É importante não esperar que os sintomas passem sozinhos. Muitos pacientes chegam no consultório dizendo: “Pensei que era só uma inflamação”. Na clínica popular, faço questão de orientar que nódulos no pescoço em adultos, especialmente acima de 40 anos, exigem investigação, mesmo que indolores. A suspeita precoce pode fazer toda a diferença no prognóstico. Se houver histórico de tabagismo, consumo excessivo de álcool ou infecção por HPV (verrugas genitais ou parceiros com câncer de colo do útero), a atenção deve ser redobrada.
Termos Relacionados
- Carcinoma de células escamosas: O tipo mais comum de câncer de boca e garganta. Origina-se nas células escamosas que revestem as mucosas.
- Orofaringe: Parte da faringe localizada atrás da cavidade oral, que inclui base da língua, amígdalas, palato mole e parede posterior da faringe.
- HPV (Papilomavírus Humano): Vírus sexualmente transmissível, responsável por parte crescente dos casos de câncer de orofaringe, especialmente em jovens. A vacinação contra HPV é disponível no SUS para meninas e meninos de 9 a 14 anos.
- Disfagia: Dificuldade ou dor para engolir. Sintoma frequente e precoce no câncer de orofaringe.
- Linfonodo cervical: Pequena estrutura do sistema linfático localizada no pescoço. O aumento (linfonodomegalia) pode ser o primeiro sinal de metástase do câncer de orofaringe.
- Estadiamento: Processo que determina a extensão do câncer (tamanho do tumor, comprometimento de linfonodos, metástase). Fundamental para escolher o tratamento e estimar o prognóstico.
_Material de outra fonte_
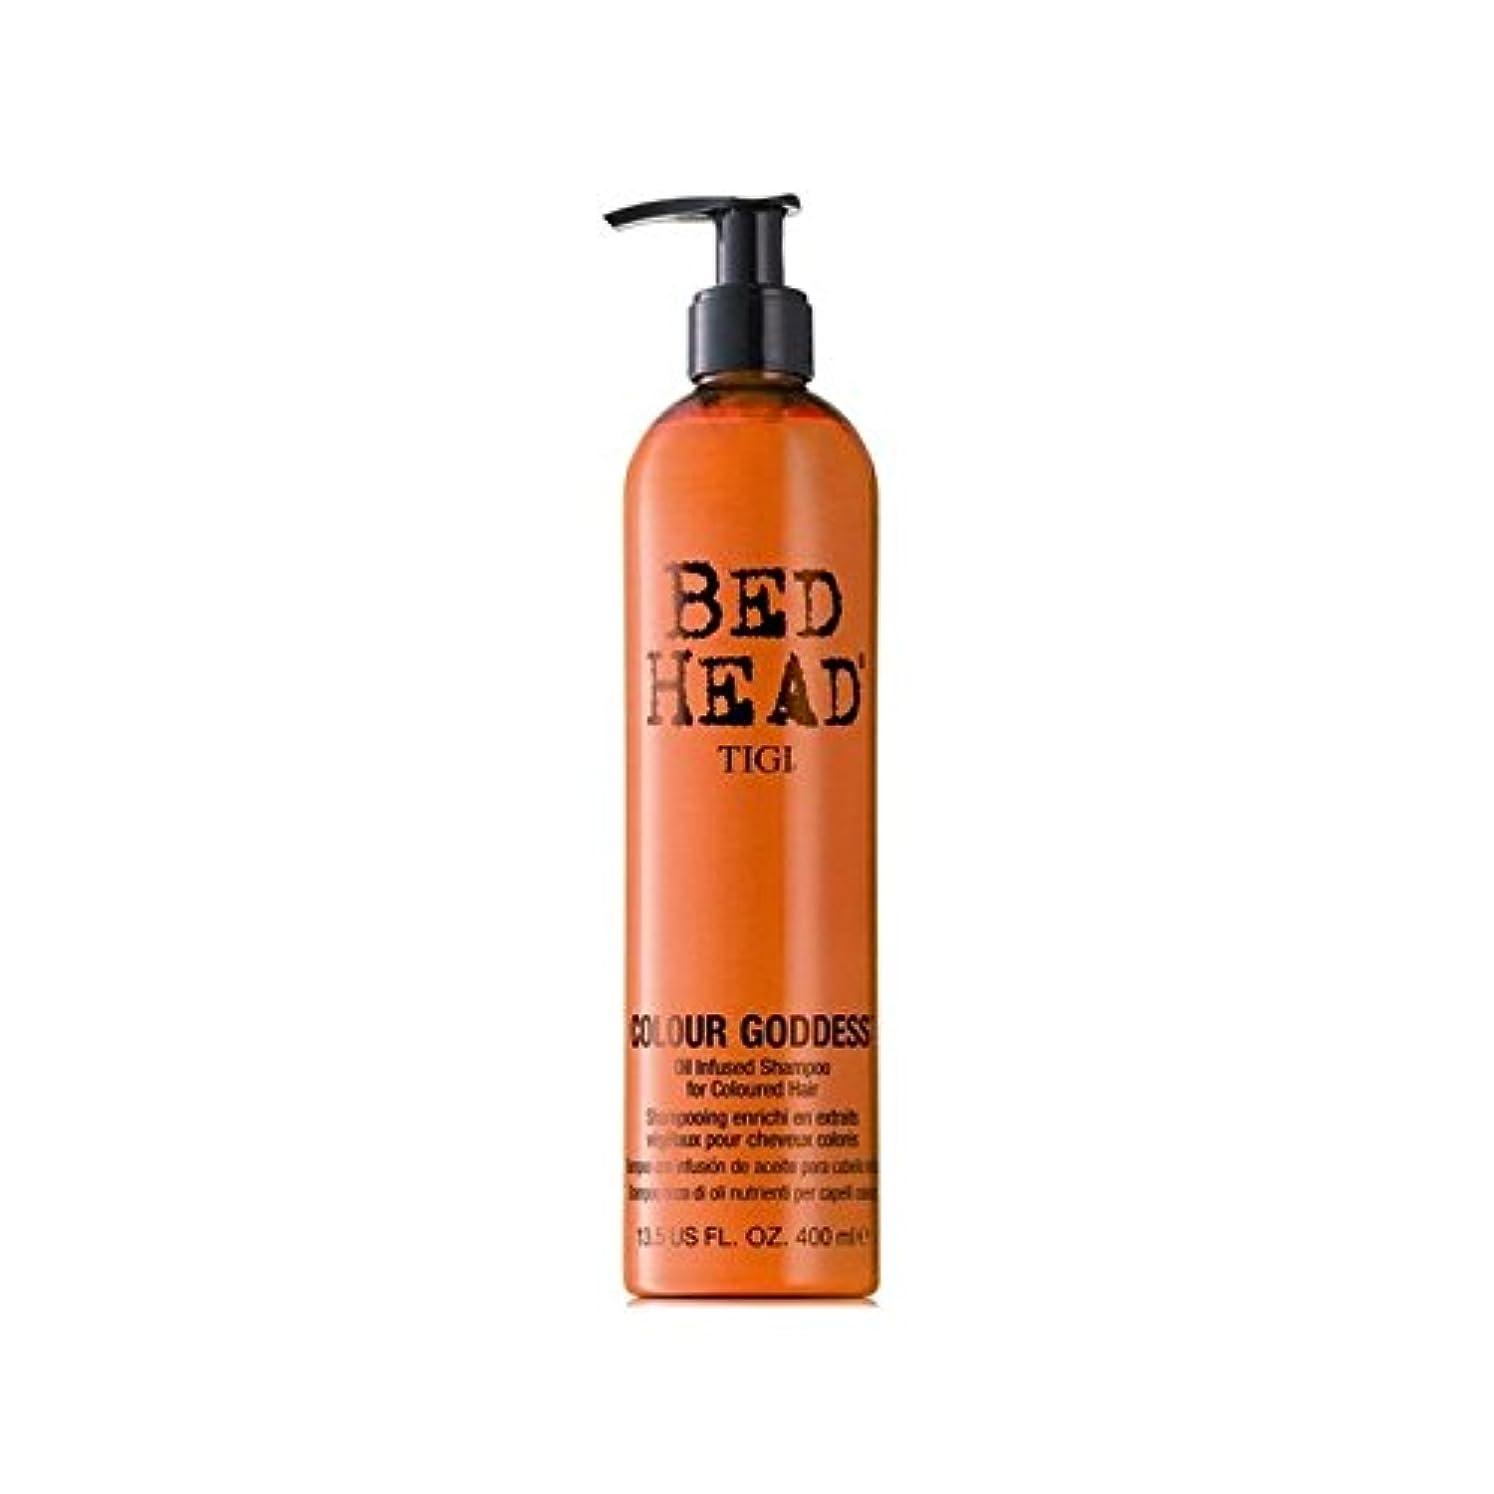 シャー国内のエキスティジーベッドヘッドカラー女神シャンプー(400ミリリットル) x2 - Tigi Bed Head Colour Goddess Shampoo (400ml) (Pack of 2) [並行輸入品]
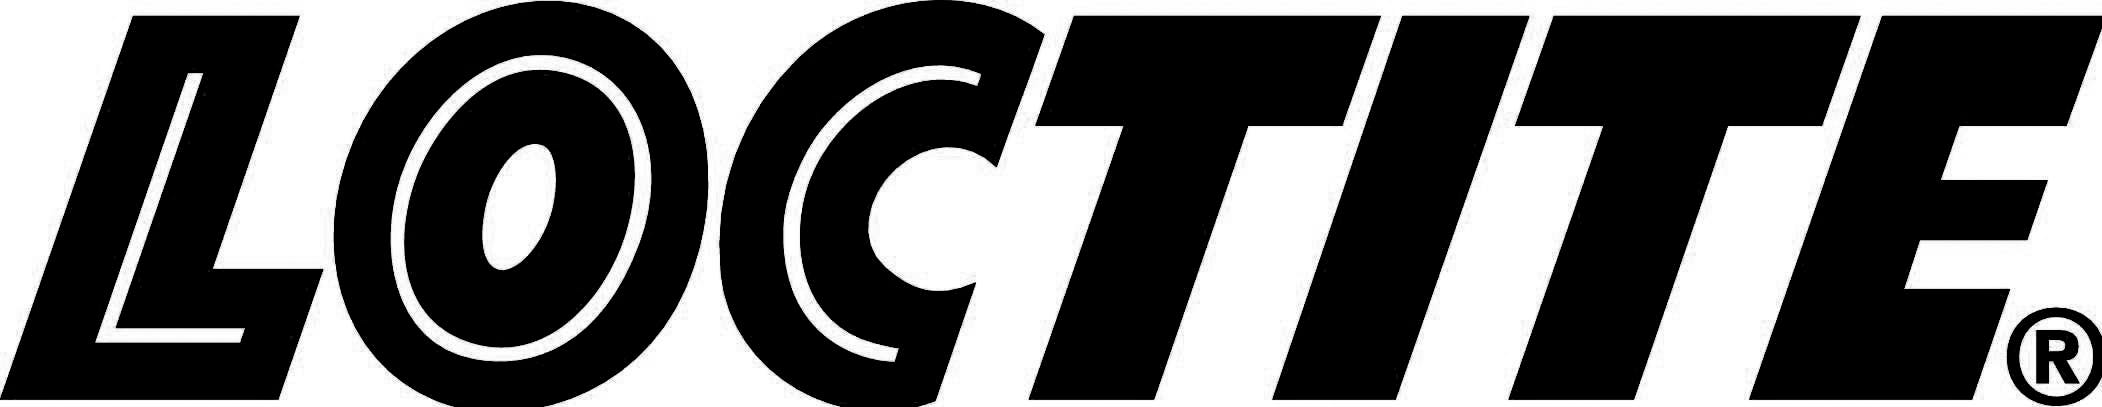 Loctite Logo

- Radioterapia: Tratamento com radiação para destruir células cancerosas. Pode ser usado isoladamente ou combinado com quimioterapia (radioquimioterapia).
- Oncologia: Especialidade médica dedicada ao diagnóstico, tratamento e acompanhamento do câncer. No SUS, a oncologia é organizada em Centros de Alta Complexidade em Oncologia (CACON).
Perguntas Frequentes sobre O que é Câncer de células escamosas da orofaringe
O câncer de células escamosas da orofaringe tem cura?
Sim, tem possibilidade de cura, especialmente quando diagnosticado em estágios iniciais. A taxa de sobrevida em cinco anos para casos localizados (estágios I e II) pode superar 70% a 80% com tratamento adequado. Tumores associados ao HPV costumam responder ainda melhor. Já em estágios avançados (III e IV), a cura é mais desafiadora, mas tratamentos multimodais (cirurgia, radioterapia, quimioterapia e imunoterapia) podem controlar a doença por anos. O acompanhamento com a equipe de oncologia do SUS é essencial.
HPV pode causar câncer de garganta?
Sim. O HPV (principalmente o subtipo 16) é um fator de risco estabelecido para o câncer de orofaringe. Nos Estados Unidos e Europa, a maioria dos casos recentes em pessoas jovens está ligada ao HPV. No Brasil, essa associação também cresce. A transmissão ocorre por contato sexual oral-genital ou oral-oral. A vacinação contra HPV, oferecida gratuitamente no SUS para adolescentes, é uma importante medida de prevenção.